Il secondo filmato si riferisce ad un trattamento in acqua della coppia madre-bambina, dove lo scopo principale è quello di favorire e approfondire l’attaccamento e migliorare il legame fra di loro. Contemporaneamente la mamma ha l’opportunità di vedere da “dentro” l’attività della sua bambina, permettendosi di esprimere le sue ansie e i suoi timori, sentendosi nello stesso tempo appoggiata e affiancata. Prendendosi cura della relazione fra la mamma e la figlia si lavora anche sulla relazione fra la bambina (Martina) la terapista e l’ambiente.

In genere le prime attività sono proposte dalla terapista, signora Caviezel e sono finalizzate alla percezione del corpo in acqua e a facilitare gli aspetti legati al benessere fisico e favorire l’acquaticità, favorendo un maggiore contatto con l’acqua che Martina dimostra di gradire.

A questo punto la mamma comincia a diventare più attiva portando in giro la figlia per la vasca con diverse modalità, stabilendo prima un importante contatto visivo e successivamente un contatto tonico di grande valore relazionale.

Nella sequenza in cui la piccola sta seduta sulle gambe della terapista e gioca frontalmente con la madre si nota come l’intenzionalità gestuale aumenti, insieme all’aggancio dello sguardo ed ai vocalizzi che più frequentemente accompagnano questi momenti. In questo caso la terapista ha l’importante ruolo di mediatore e di facilitatore.
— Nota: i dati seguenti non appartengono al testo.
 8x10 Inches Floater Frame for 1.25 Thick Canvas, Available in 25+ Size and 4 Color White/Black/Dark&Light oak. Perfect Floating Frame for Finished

Sono evidenti i progressi di Martina sia sul piano motorio e posturale, confermati anche dalla fisioterapista, sia per la relazione e la comunicazione.

“Sulla terraferma” inizia ad avere reazioni di sostegno e schemi del passo efficaci; mentre in vasca ha uno sguardo diretto, attenzione per le azioni della mamma e della terapista, risate, vocalizzi, orientamento dello sguardo fra la mamma e la terapista, abbracci e baci con la mamma, anticipazione del gesto.
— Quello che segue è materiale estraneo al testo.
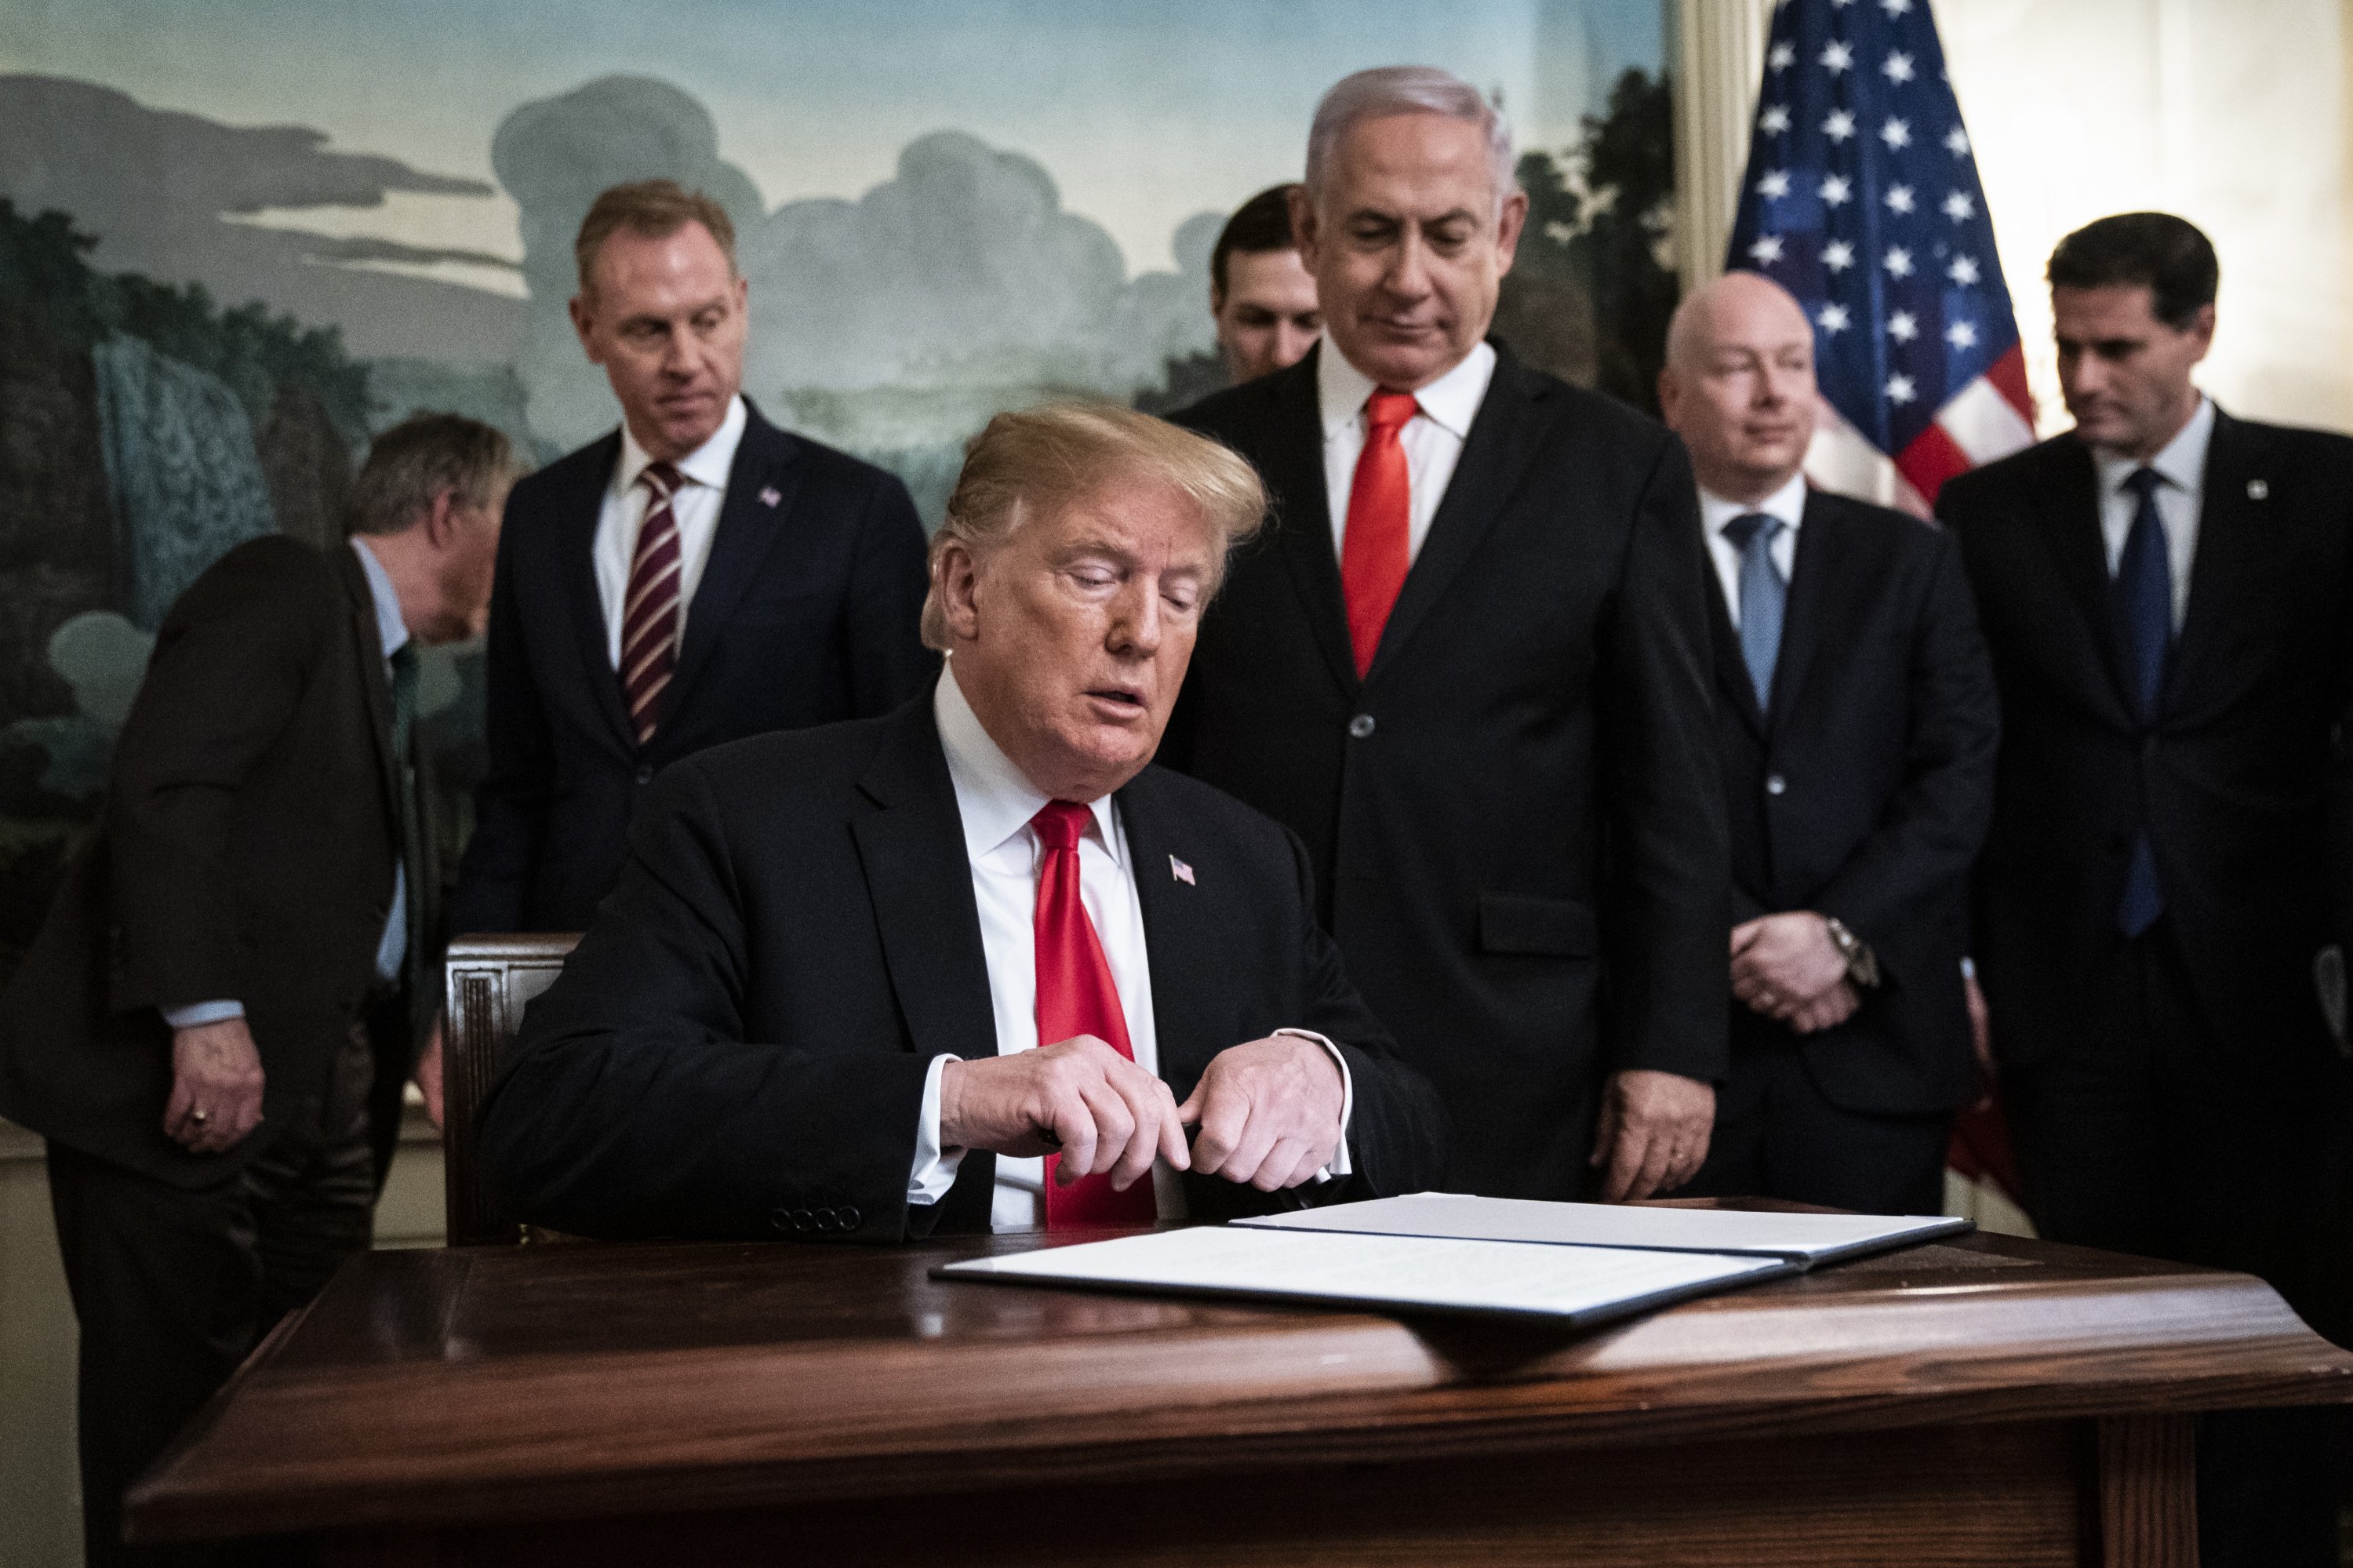 Then U.S. President Donald Trump signs a presidential proclamation on Golan Heights as then Israeli Prime Minister Benjamin Netanyahu watches in the Diplomatic Reception Room at the White House, in Washington, D.C., U.S., March 25, 2019. (Photo by Getty Images)

Per quanto riguarda la sua acquaticità possiamo dire che la sua confidenza ha raggiunto un livello soddisfacente.

Il terzo filmato si riferisce all’esperienza terapeutica acquatica di Nicoletta, che ormai adolescente è passata attraverso numerosi interventi riabilitativi di vario tipo. Questa non è la sua prima esperienza in vasca, ma è invece un nuovo approccio all’acqua; infatti con la terapista signora Palen ha iniziato da qualche mese un trattamento con il metodo Watsu, seppur adattato alla sua condizione.

Questo tipo di body work acquatico permette di attuare un programma riabilitativo altrimenti improponibile, e dove la relazione corporea mediata dall’acqua è un ottima occasione per creare una situazione altamente empatica.

Nicoletta sta attraversando un periodo della sua vita in cui l’esperienza cognitiva e di comunicazione sono soddisfacenti, mentre l’obiettività fisica e motoria sono più precarie. Inoltre alcune esperienze socio-pedagogiche significative cambieranno a breve.

Osservando il filmato ci si rende conto che la terapista inizia con attività frontali e contenitive, che sono più rassicuranti e che Nicoletta impara ad accettare anche come gioco fino a quando la terapista riesce ad inserire esercizi di allungamento e di rotazione riuscendo anche ad ottenere posture simmetriche. Per rendere Nicoletta più curiosa nei confronti dell’acqua (acquaticità) e della terapista, quest’ultima si immerge completamente senza mai abbandonare la presa.

Tutta la seduta è caratterizzata da “una danza dell’acqua”, “da una guida sensibile” che non è mai legata al linguaggio verbale, ma improntata sullo stimolo del contatto fisico, per dare significato ai “segnali” di Nicoletta. Il ritmo dei movimenti rimane armonico e quando è necessario la presa diventa laterale permettendo la rottura delle stereotipie, per cui il movimento diventa gesto e/o allungamento corporeo.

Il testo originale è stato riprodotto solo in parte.